What schemas can't catch is coordination. Here's an app.yaml that loads cleanly, passes every pydantic validator, satisfies the marketplace quality gate, and is structurally broken in a way that only manifests at runtime:
agents:
- id: planner
- id: builder
- id: tester
topology:
connections:
- from: planner
to: builder
- from: builder
to: tester
- from: tester
to: planer # ← typo: missing 'n'A schema accepts this. The string "planer" is a valid string. The runtime won't notice until the tester tries to hand off and planer doesn't resolve — by which point you have a half-completed workflow, dangling state, and a user wondering why the deploy hung.
Now multiply that across agent IDs, workflow step references, broadcast group members, trust-boundary listings, and depends_on clauses. A reasonably-sized app manifest has dozens of internal references. Catching all of them by hand is exactly the kind of work a verifier should be doing.
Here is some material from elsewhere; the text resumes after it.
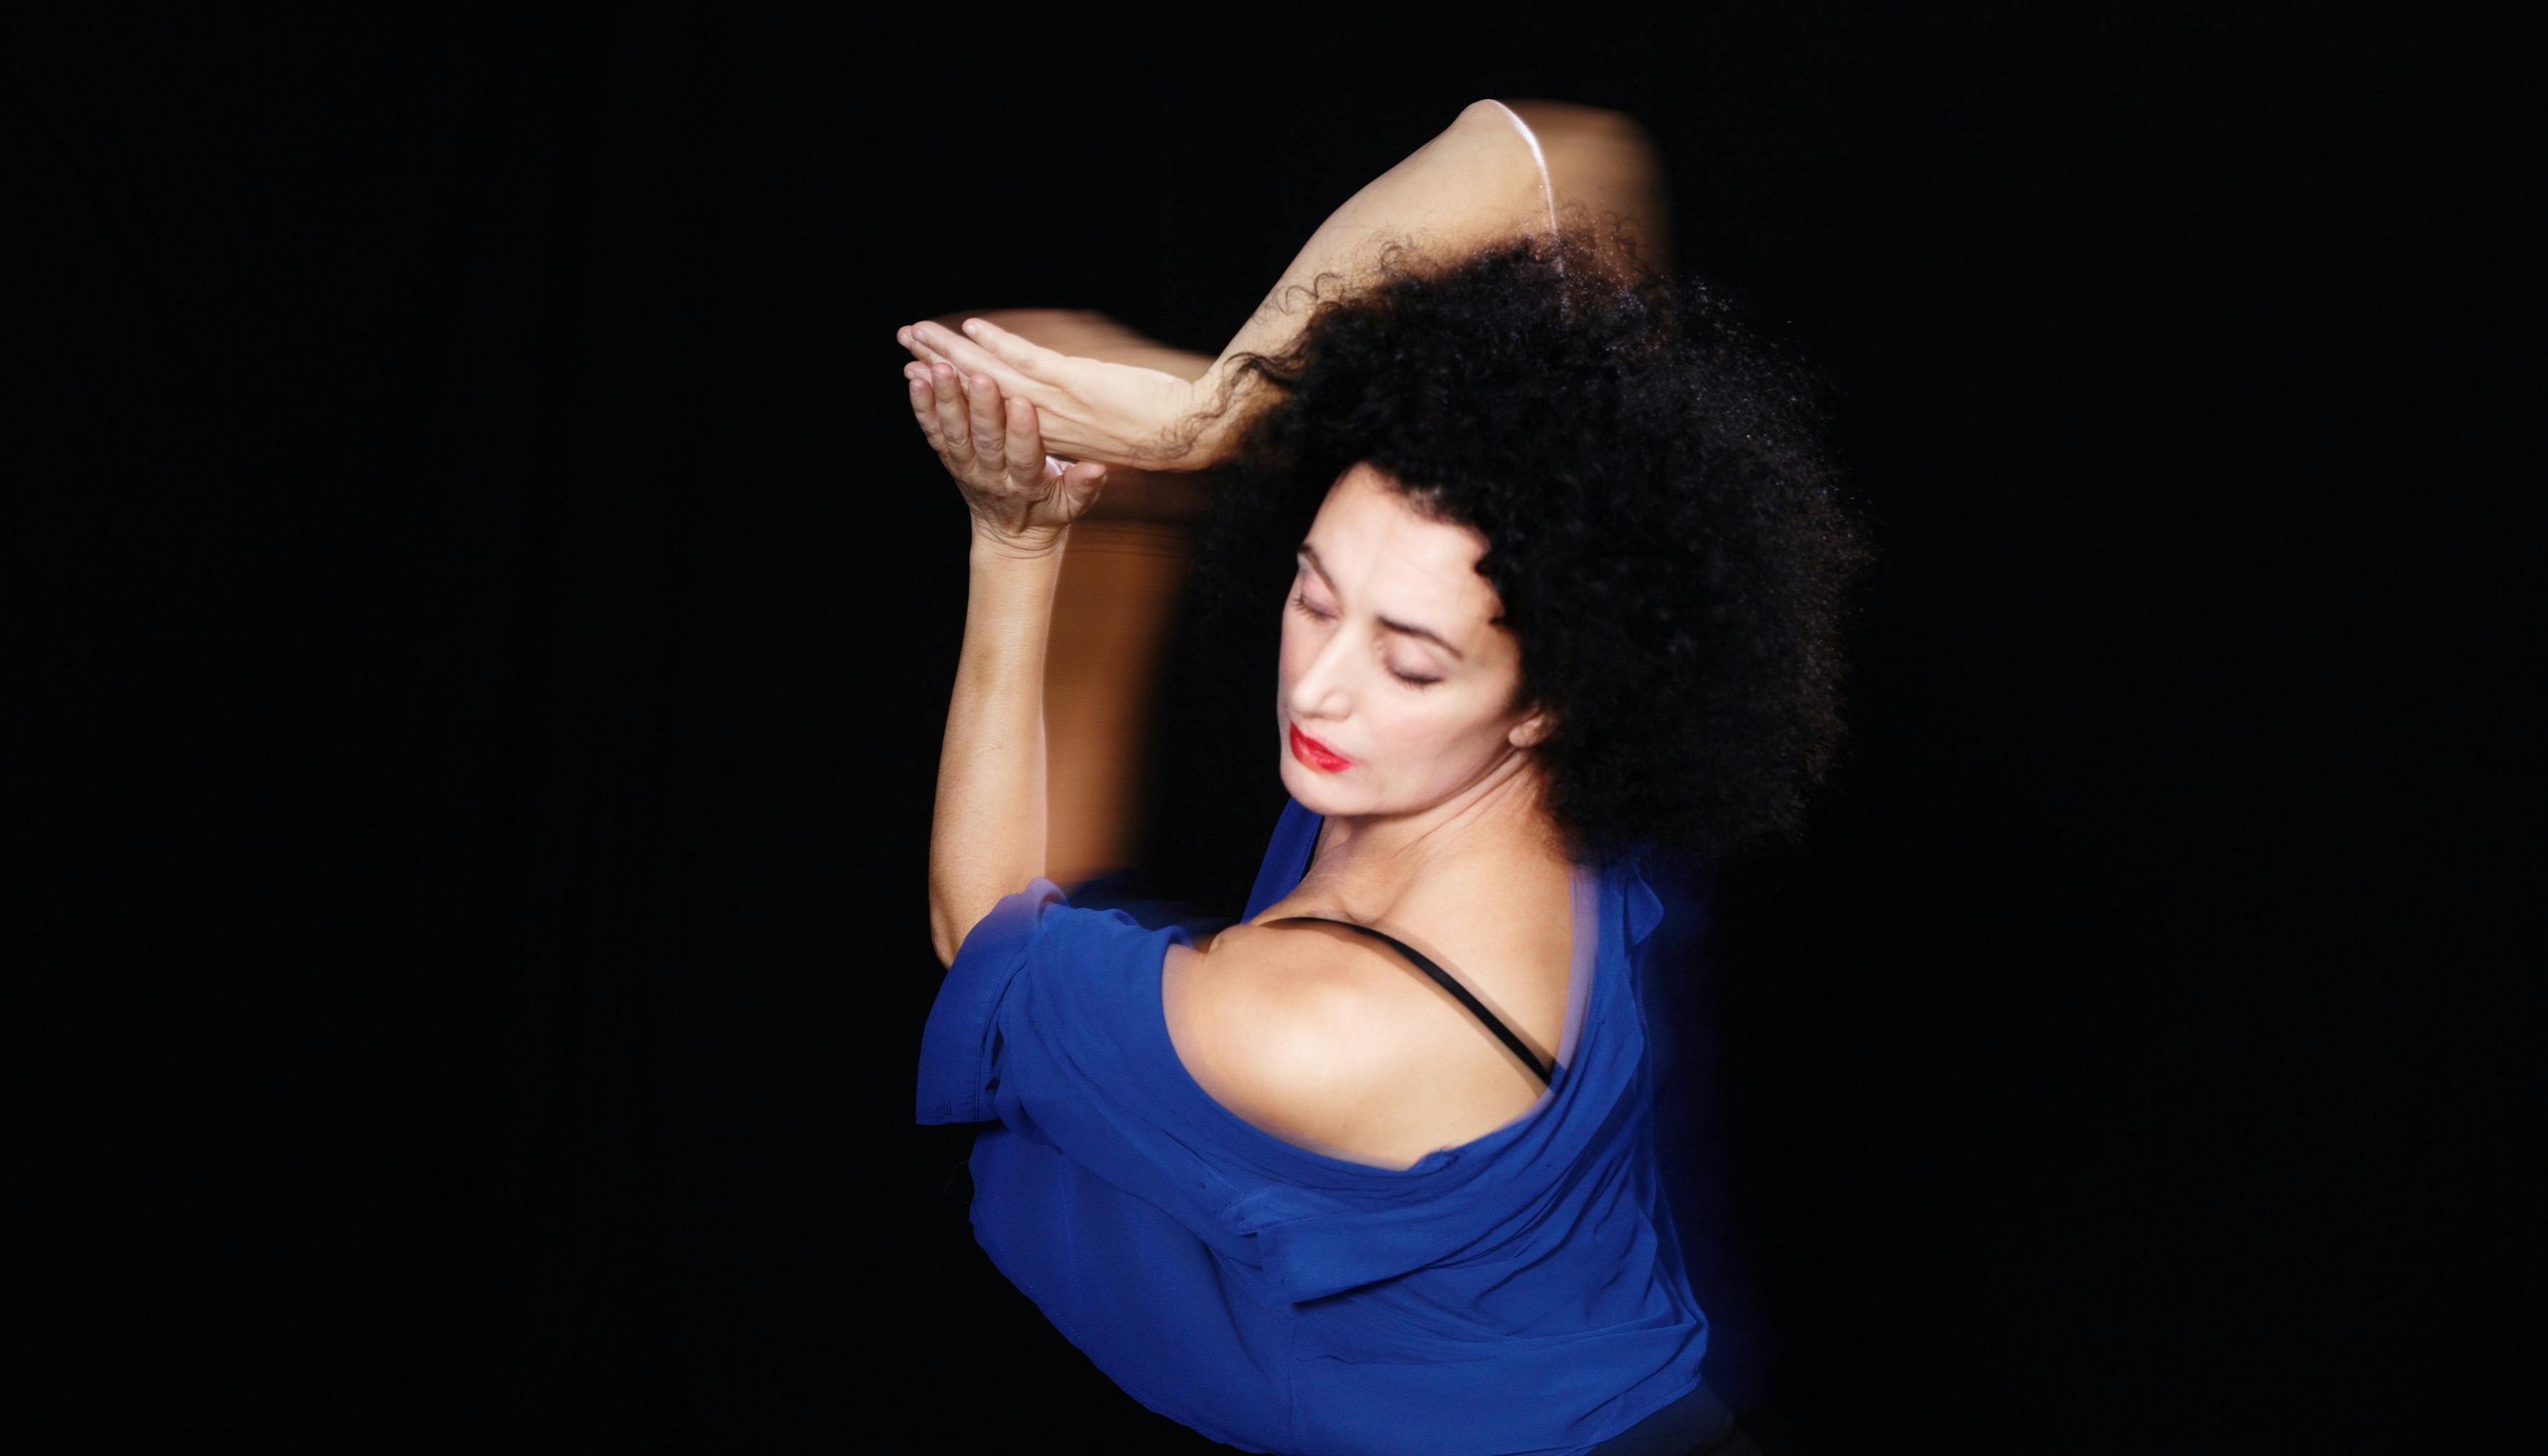 Foto su sfondo nero di Cristiana Morganti in posa di danza con le braccia unite semi alzate lateralmente
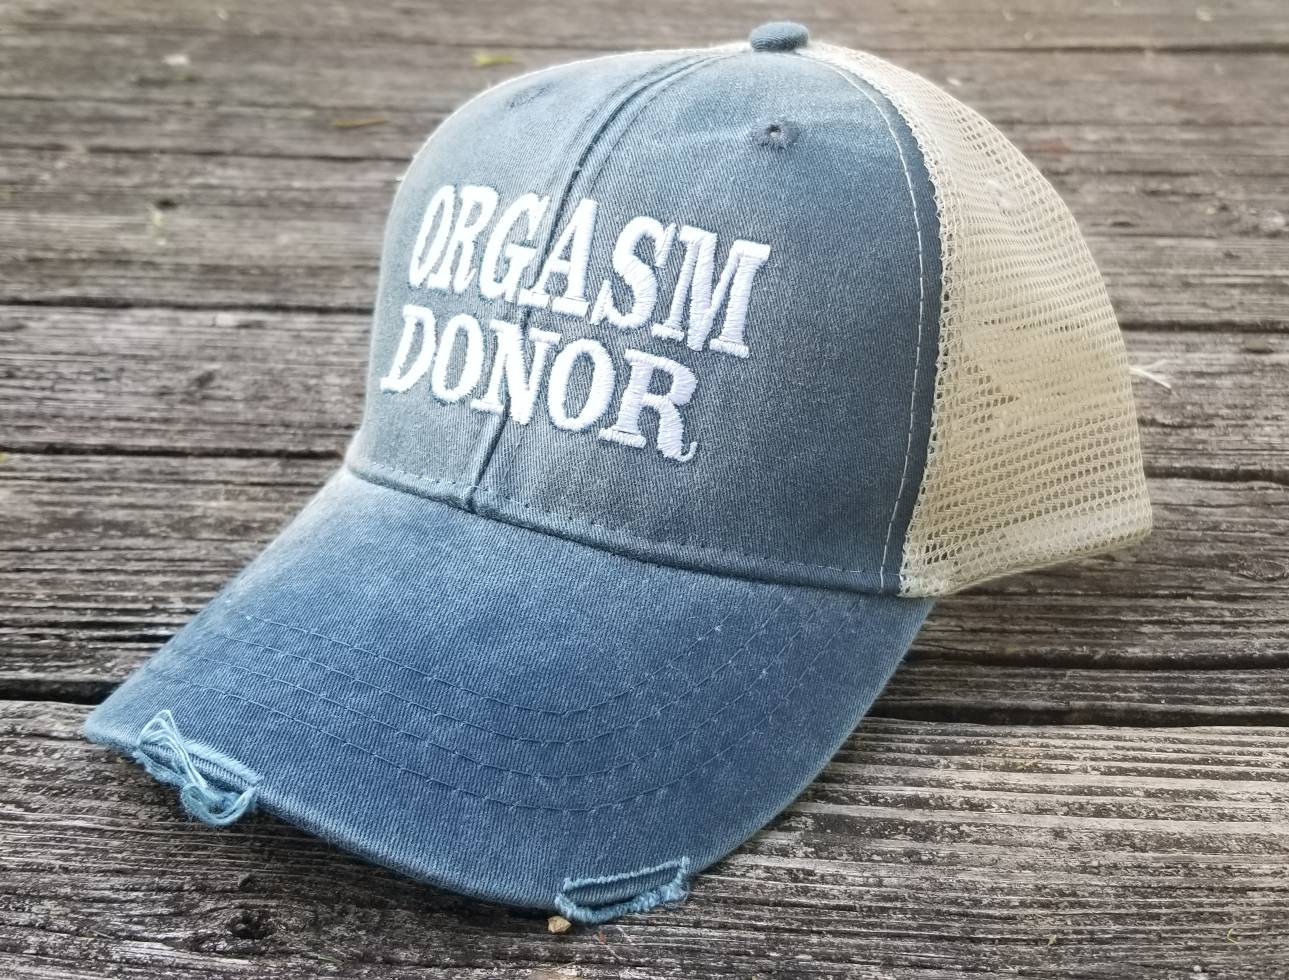 Orgasm Donor Funny Adjustable Trucker Hat Cap

That's the easy case. The hard case is when nothing is misspelled, every reference resolves, every schema check passes — and the protocol still deadlocks under load. The library exists for that. The gate is what makes it count.
What the Gate Does
craft push now has a new step between the quality gate and the tarball:
Quality gate passed
VERIFY INFO: topology.connected: Graph is disconnected (lambda_2=0.0000, coordination_mode=orchestrated)
VERIFY WARN: topology.fault_tolerant: Topology has 5 articulation point(s)
Formal verification passed (5 checks, 1 warning, 24.6 ms)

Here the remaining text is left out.